Because some service providers have demonstrated an ability to evade the law at times, they largely operate "without any fear of consequence," says John Bambenek, principal threat research for security firm Netenrich.
And Owenson says that VPN providers, if not already doing so, should be more diligent about their client base.
"Those that actively advertise in places where lots of criminality is taking place put themselves at risk of prosecution," he says.
Next Moves for Ransomware Operators
By shutting down VPNLab, dozens of "premeditated cyberattacks" could have been mitigated, says Austin Merritt, a cyberthreat intelligence analyst for the firm Digital Shadows.

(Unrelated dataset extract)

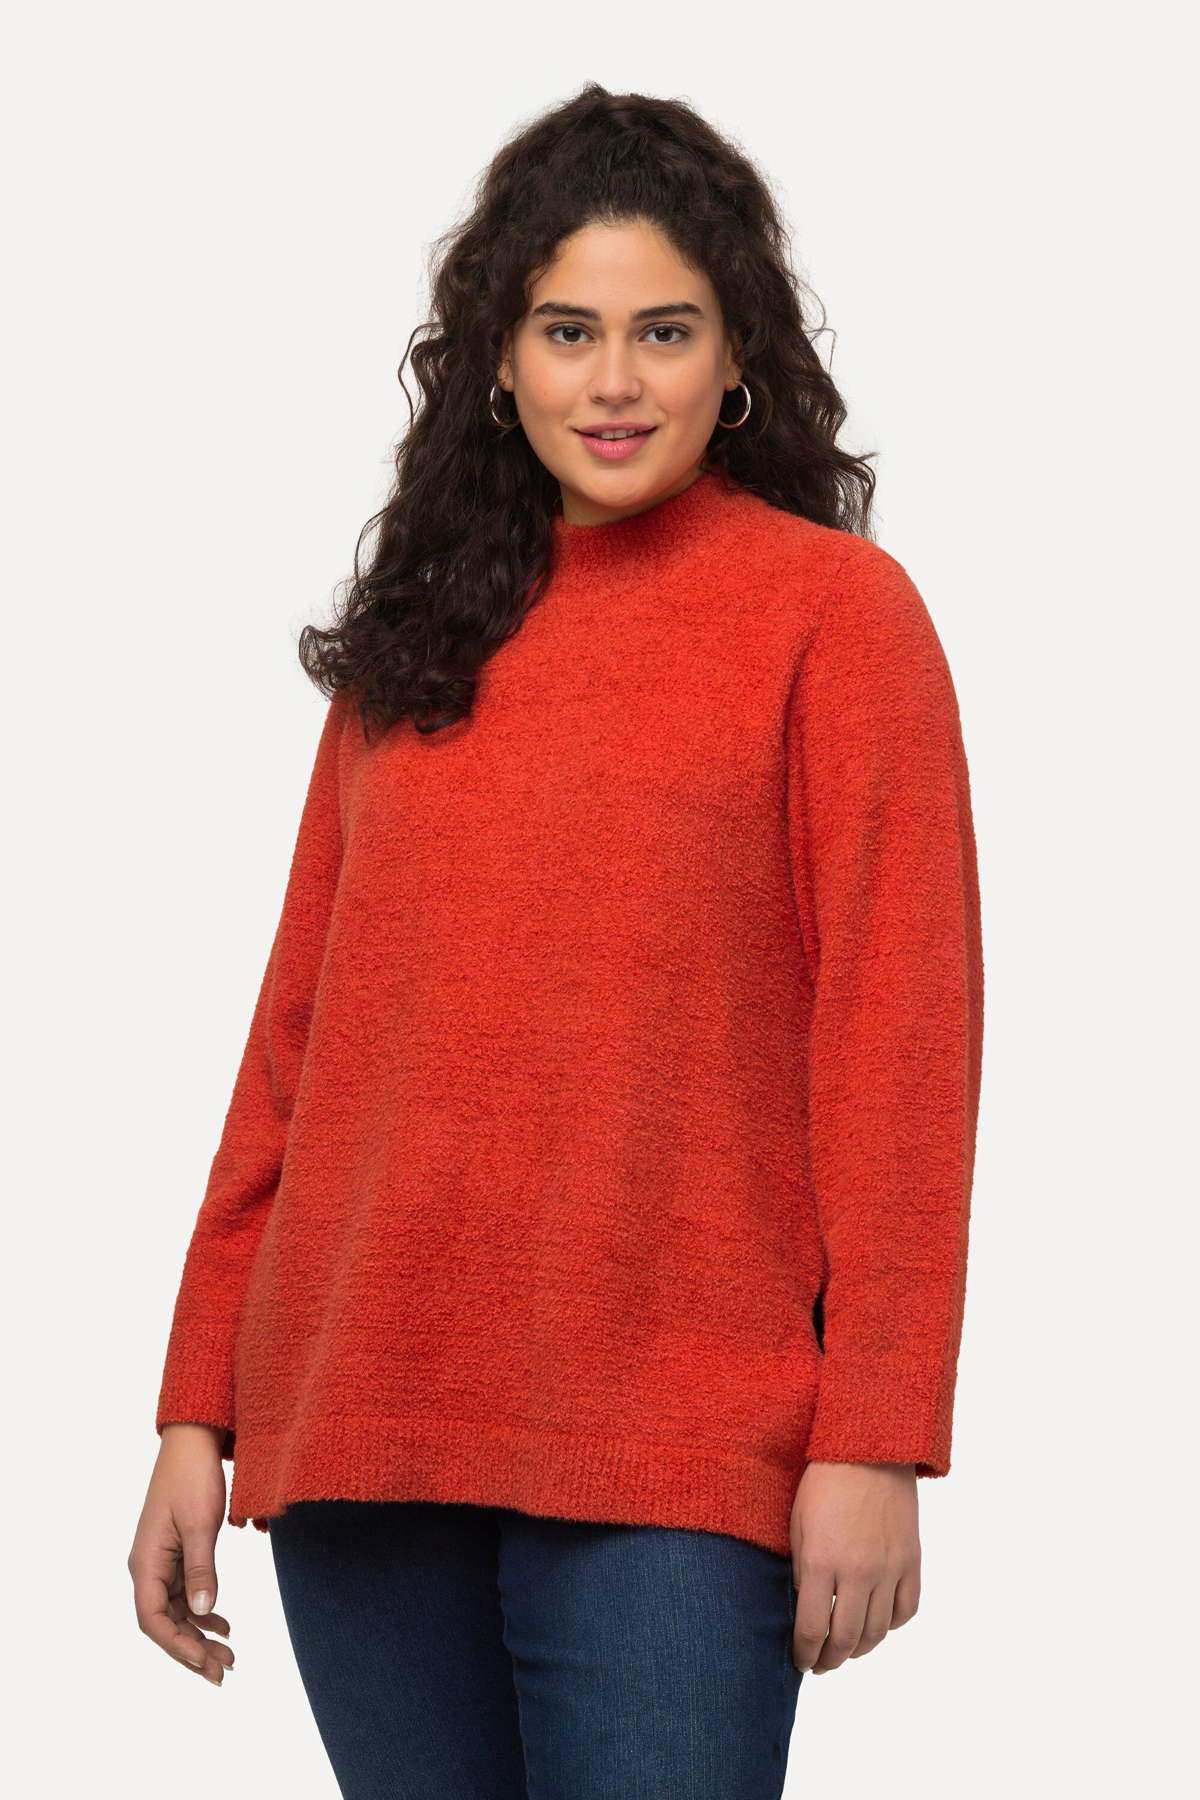 Вязаный свитер-пуловер с мягким воротником-стойкой и длинными рукавами.

Merritt warns, however, that ransomware gangs are quick to reorganize their operations and are constantly seeking out new tools.
"VPNLab is just one of many VPN services that are frequently used by threat actors to conduct illegal cybercriminal activity," says Merritt, adding that high-profile takedowns, such as DoubleVPN in June 2021, prompt cybercriminals to "quickly turn to other criminal VPN services for hosting."
Cybercriminals will often flock to online forums and advertise VPN services that can host a ransomware crime architecture, Merritt says. This poses another predicament for law enforcement authorities, he says, since cyberattack methods are only widening.
"Before this takedown, we saw some threat actors abandon VPNLab just because it was working poorly in recent months. It's realistically possible that cybercriminals have already been shopping for new VPN services, and if they haven't yet, they will likely seek them out in the short term," says Merritt.
Global Fight Against Ransomware
Amid the proliferation of ransomware attacks over the past 12-plus months, the Biden administration, including the U.S. Cybersecurity and Infrastructure Security Agency, has continued its focus on curbing crypto-locking attacks, in part by issuing VPN security recommendations in 2021.
The U.S. has sanctioned cryptocurrency platforms - which have often been used to launder ill-gotten gains connected to cybercrime - such as Russian-based Suex and Chatex (see: US Treasury Blacklists Russia-Based Crypto Exchange).
Last week, Russian authorities also arrested alleged REvil-linked ransomware operators. It remains to be seen whether this operation will alter Russian cybercrime patterns.
"A single arrest or takedown is not enough to stop cybercrime that’s earning billions of dollars a year," says Netenrich's Bambenek. For long-lasting change to set in, he adds, takedowns such as that of VPNLab would need to happen more frequently.
"If [large-scale crackdowns] continue against other providers, the ability of ransomware operators to continue is hampered because they do need these services," he says.